Most antiangiogenic drugs target either the vascular endothelial cell growth factor, or VEGF— a protein secreted by certain tumors to promote the growth of new blood vessels—or the VEGF receptor, the protein on blood vessel cells that responds to VEGF. For example, Avastin is a MAb that attaches to VEGF and prevents it from activating the VEGF receptor. Other antiangiogenic drugs that are not monoclonal antibodies include Revlimid® (lenalidomide) and Thalomid® (thalidomide), both approved for multiple myeloma, and Sutent® (sunitinib) and Nexavar® (sorafenib) for kidney cancer.

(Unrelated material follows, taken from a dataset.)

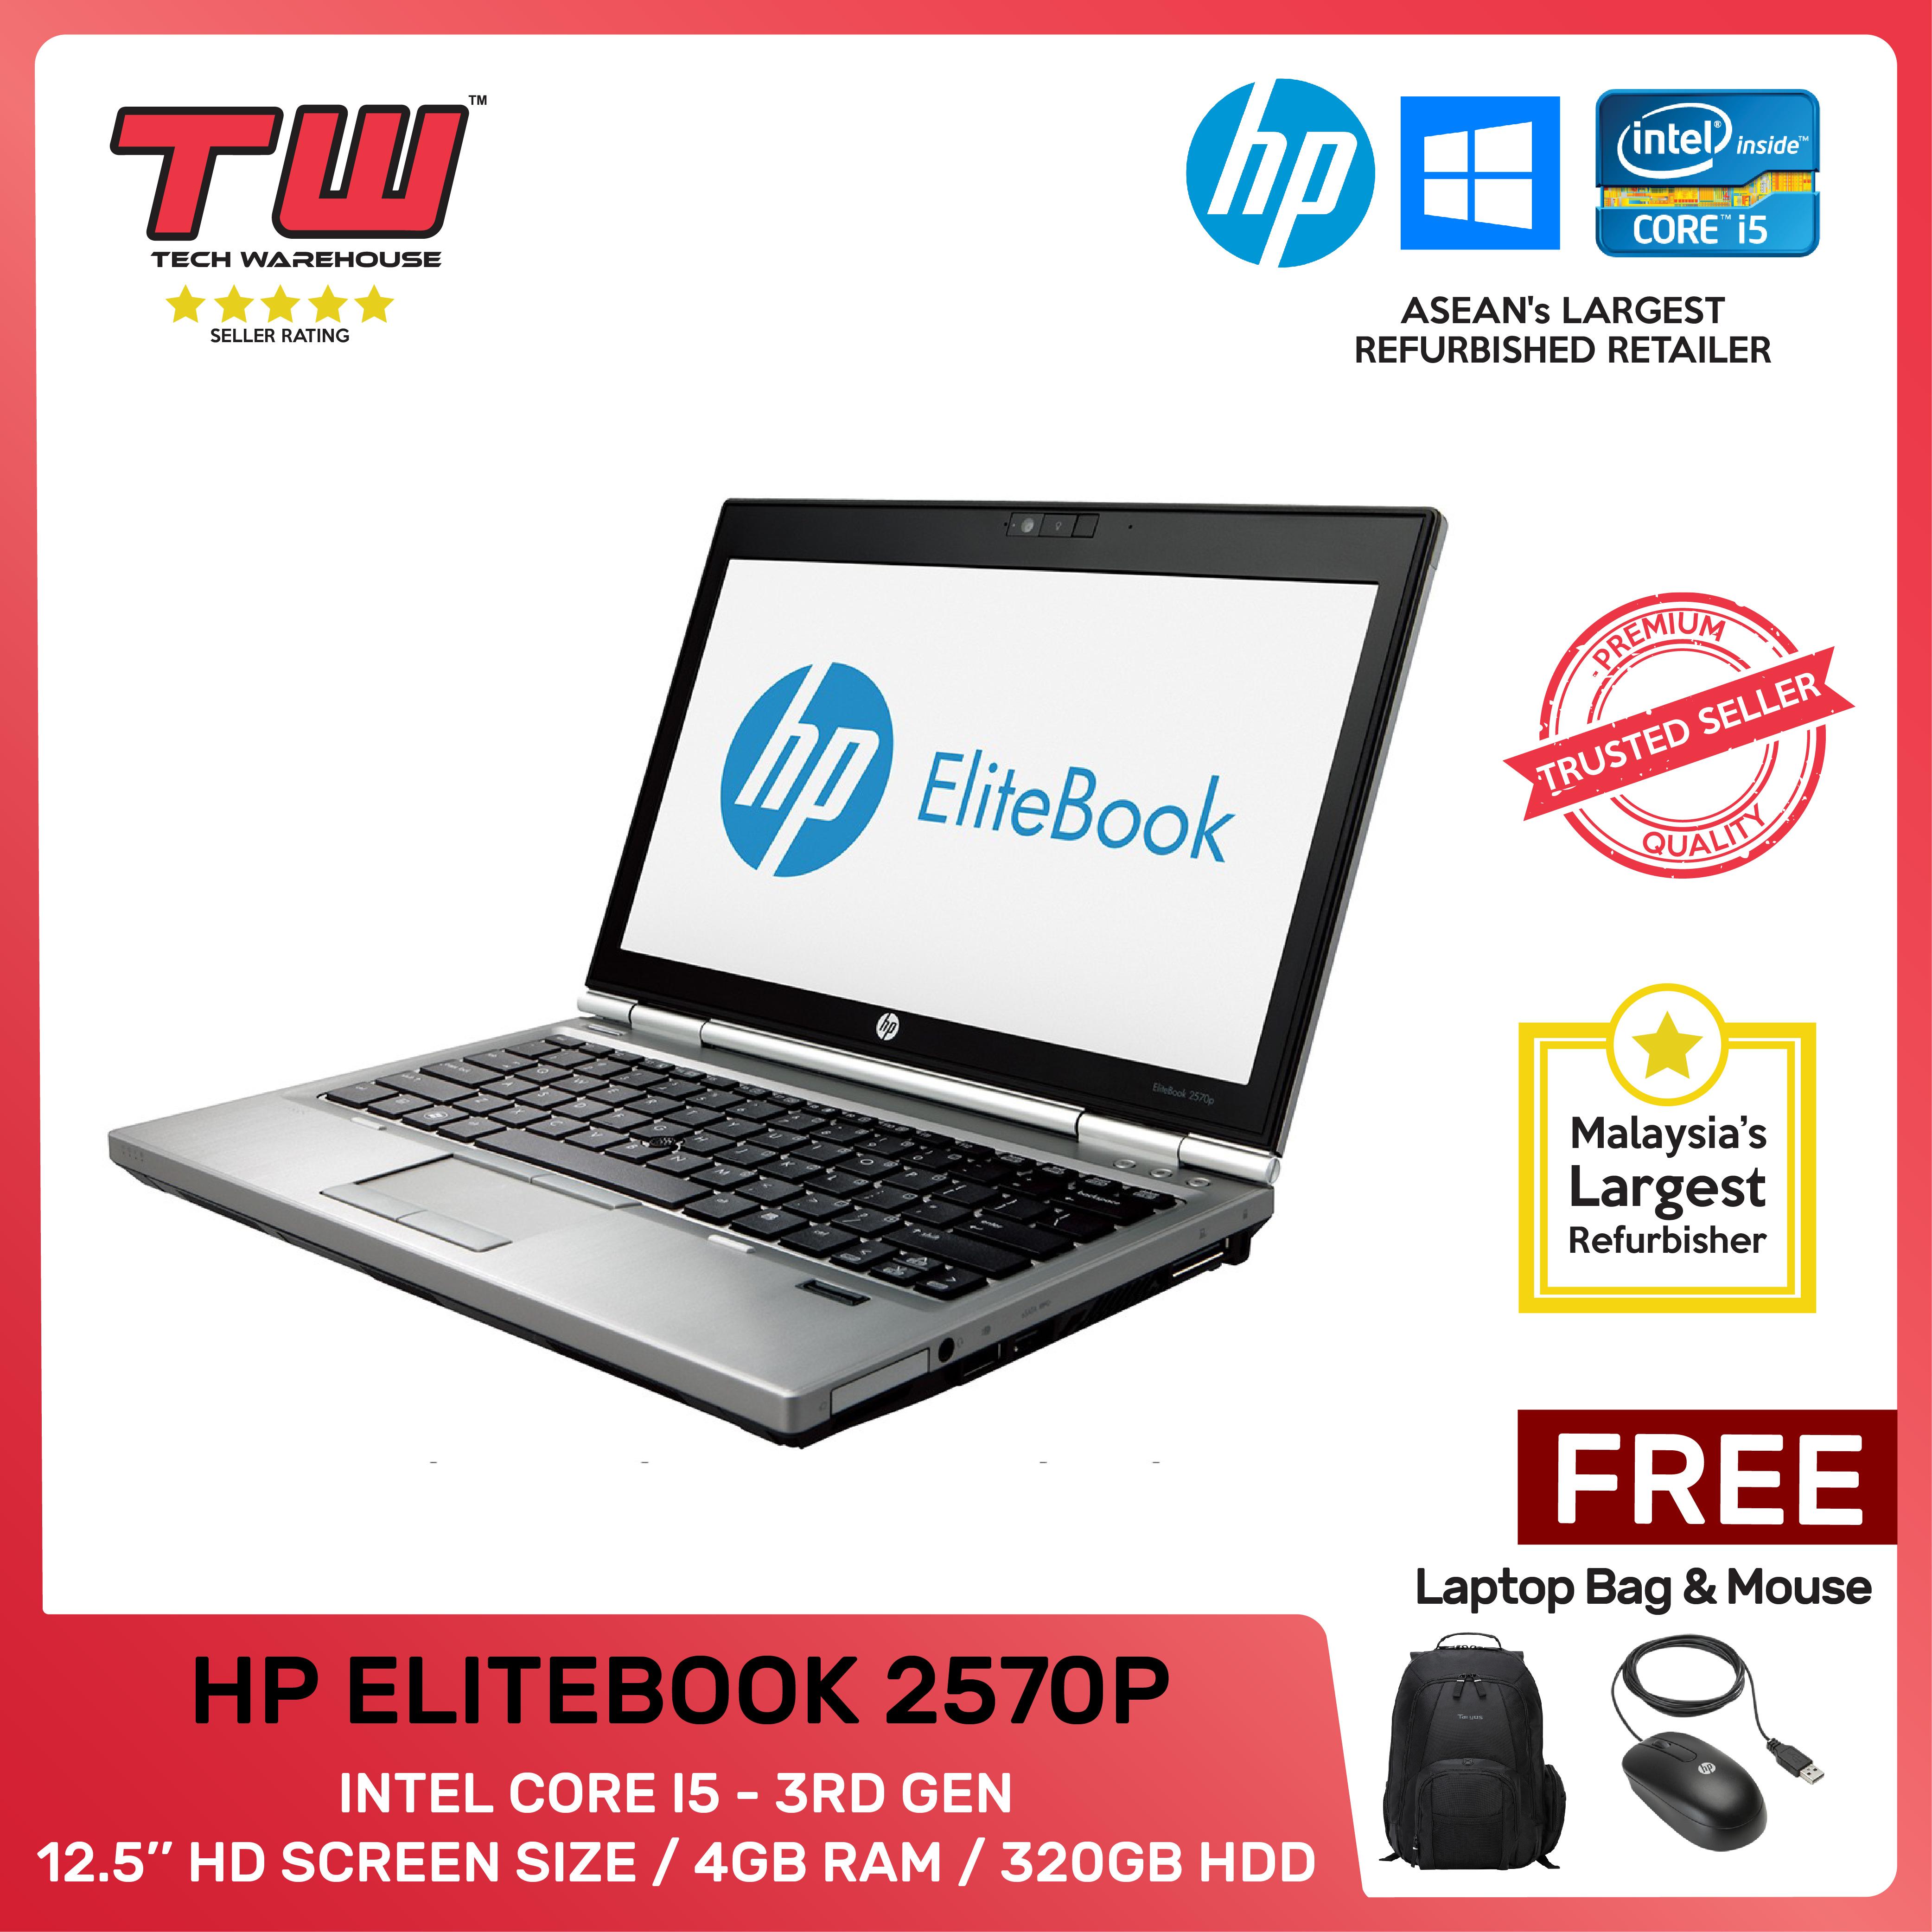 HP ELITEBOOK 2570p / INTEL CORE I5 3RD GEN / LAPTOP / 12.5/ 4GB RAM / 320GB HDD / TECH WAREHOUSE (FACTORY REFURBISHED) Malaysia

Tyrosine kinase inhibitors are a significant advancement in targeted therapy. A drug called Gleevec® (imatinib) has changed the way doctors treat people with chronic myeloid leukemia. The Philadelphia chromosome is created when the long arms for chromosomes 9 and 22 break off and switch places. The Philadelphia chromosome produces an abnormal molecule that seems to initiate the leukemia called bcr-abl, which is in a class of enzymes called tyrosine kinases. Gleevec works by inhibiting bcr-abl, and almost all patients respond to the oral drug. Side effects are fewer than with traditional chemotherapy or interferon. Tarceva® (erlotinib) is another kinase inhibitor approved for non-small cell lung cancer and pancreatic cancer. It blocks the overexpression of the epidermal growth factor receptor, or EGFR. A new breast cancer drug called Tykerb® (lapatinib) inhibits both EGFR and HER2.

Proteasome inhibitors, such as Velcade® (bortezomib), treat multiple myeloma by blocking multi-enzyme complexes called proteasomes that break down proteins involved in regulating cell processes relevant to cancer. Inhibiting proteasome function increases levels of these regulatory proteins and helps restore some control over abnormal growth, survival and spread of cancer cells.

Immunotherapy uses the body’s immune system to stimulate the production of T cells‚ specialized immune cells that recognize and kill cancer cells. Naturally occurring substances in the body called cytokines have been found to increase T-cell activity and signal the body to produce more T cells. Some cytokines, such as interleukins and interferons, can be produced in the laboratory for treating kidney cancer, melanoma and bladder cancer.